For those who don’t know me my past career was in sales at Hell’s Bay, so I’m certainly a stickler when it comes to checking out new skiffs. I can truly say these guys are doing an awesome job and I look forward to seeing what they have up their sleeves in the future! Any questions you have feel free to holler.


----------



## BassFlats (Nov 26, 2018)

Nice looking skiff. They should test drive the skiff with a motor that is available.


----------



## JC Designs (Apr 5, 2020)

BassFlats said:


> Nice looking skiff. They should test drive the skiff with a motor that is available.


Agree, but it can be difficult for us little guys to pony up the $ for a demo motor in the beginning. I’ve had some conversation with them as well and think they are doing a fine job and building a good little skiff at a fair price to boot! Give’em time, they’ll have a demo motor soon. 😎


----------



## BassFlats (Nov 26, 2018)

I've seen your picture JC. You're not little


----------



## JC Designs (Apr 5, 2020)

BassFlats said:


> I've seen your picture JC. You're not little


Now you owe me a glass of sweet tea! 😂


----------



## mgcolli (Jun 25, 2017)

You had to be flying with that 40. What performance did you get? Speed, draft, any porpoising? Great looking boats. I have a 40 Yamaha 2 stroke laying around that would look good hung on one of those hulls.


----------



## Chasintail22 (Jun 22, 2009)

mgcolli said:


> You had to be flying with that 40. What performance did you get? Speed, draft, any porpoising? Great looking boats. I have a 40 Yamaha 2 stroke laying around that would look good hung on one of those hulls.


They’re dialing that motor in currently, but the boats really run great with the Suzuki 20, seeing 27mph out of that engine with no porpoise. The 40 definitely needs the trim tabs to keep it from porpoising which it did not do unless we set it on the highest jack plate setting. They’re working on running it with an engine that has trim / tilt which I think will show even better results once they can air it out even more. Overall though, truly impressive!


----------



## lemaymiami (Feb 9, 2007)

How ‘bout some specs... don’t need base price but length, beam, and hull weight would be a good starting point...


----------



## Chasintail22 (Jun 22, 2009)

lemaymiami said:


> How ‘bout some specs... don’t need base price but length, beam, and hull weight would be a good starting point...


Per their website...



16 FEET TOTAL LENGTH
50 INCHES WIDE AT BOW
36 INCHES WIDE AT STERN
299 LB DRY WEIGHT
5° OF DEAD RISE AT TRANSOM
5 INCH DRAFT FULLY LOADED
DESIGNED FOR 2 ADULTS LIGHT GEAR
HEAVY DUTY BLACK RUB RAIL
STAINLESS STEEL HARDWARE
VACCUM INFUSED BUILDING PRACTICE
DIVINYCEL VINYL FOAM CORE
COOSA BOARD TRANSOM
VINYL ESTER RESIN THROUGHOUT


----------



## Sublime (Oct 9, 2015)

BassFlats said:


> Nice looking skiff. They should test drive the skiff with a motor that is available.
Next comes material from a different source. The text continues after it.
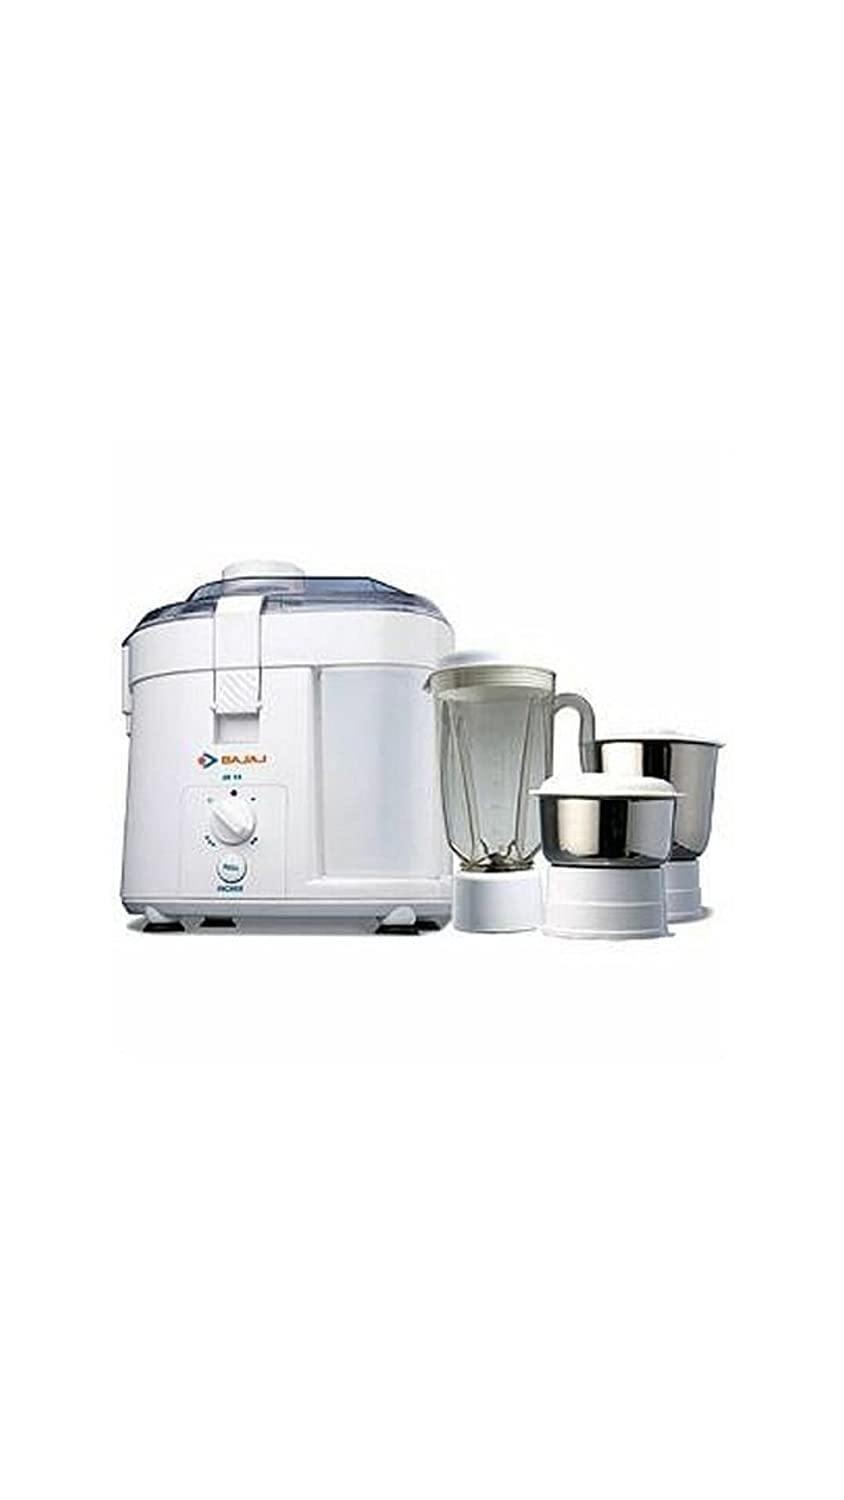 Bajaj JX10 Mixer Grinder with 3 Jars-Home & Kitchen Appliances-dealsplant

Yep. That motor is great, but any current offering will be over 210 pounds. A 25 Yamaha four stroke seems like it would be a good match.


----------



## LowTideFly (Apr 8, 2016)

BassFlats said:


> Nice looking skiff. They should test drive the skiff with a motor that is available.


They sell them with a 20hp Suzuki, they recommend a 20hp 4 stroke or something weighing around 100lbs. I went with a 20hp 4 stroke efi tohatsu and i’d say 27mph is plenty on a technical poling skiff.


----------



## JC Designs (Apr 5, 2020)

LowTideFly said:


> They sell them with a 20hp Suzuki, they recommend a 20hp 4 stroke or something weighing around 100lbs. I went with a 20hp 4 stroke efi tohatsu and i’d say 27mph is plenty on a technical poling skiff.


Yeah it is. Unless you are me and like to go fast! 😎 But yes, 27 is plenty fast and I beg they will get iy a little faster as they progress too!


----------



## LowTideFly (Apr 8, 2016)

Fully Loaded SDS!


----------



## Chasintail22 (Jun 22, 2009)

@LowTideFly looking good man! Congrats on the build, she turned out perfect. Would love to hear some performance specs on the Tohatsu after you get some time on it!


----------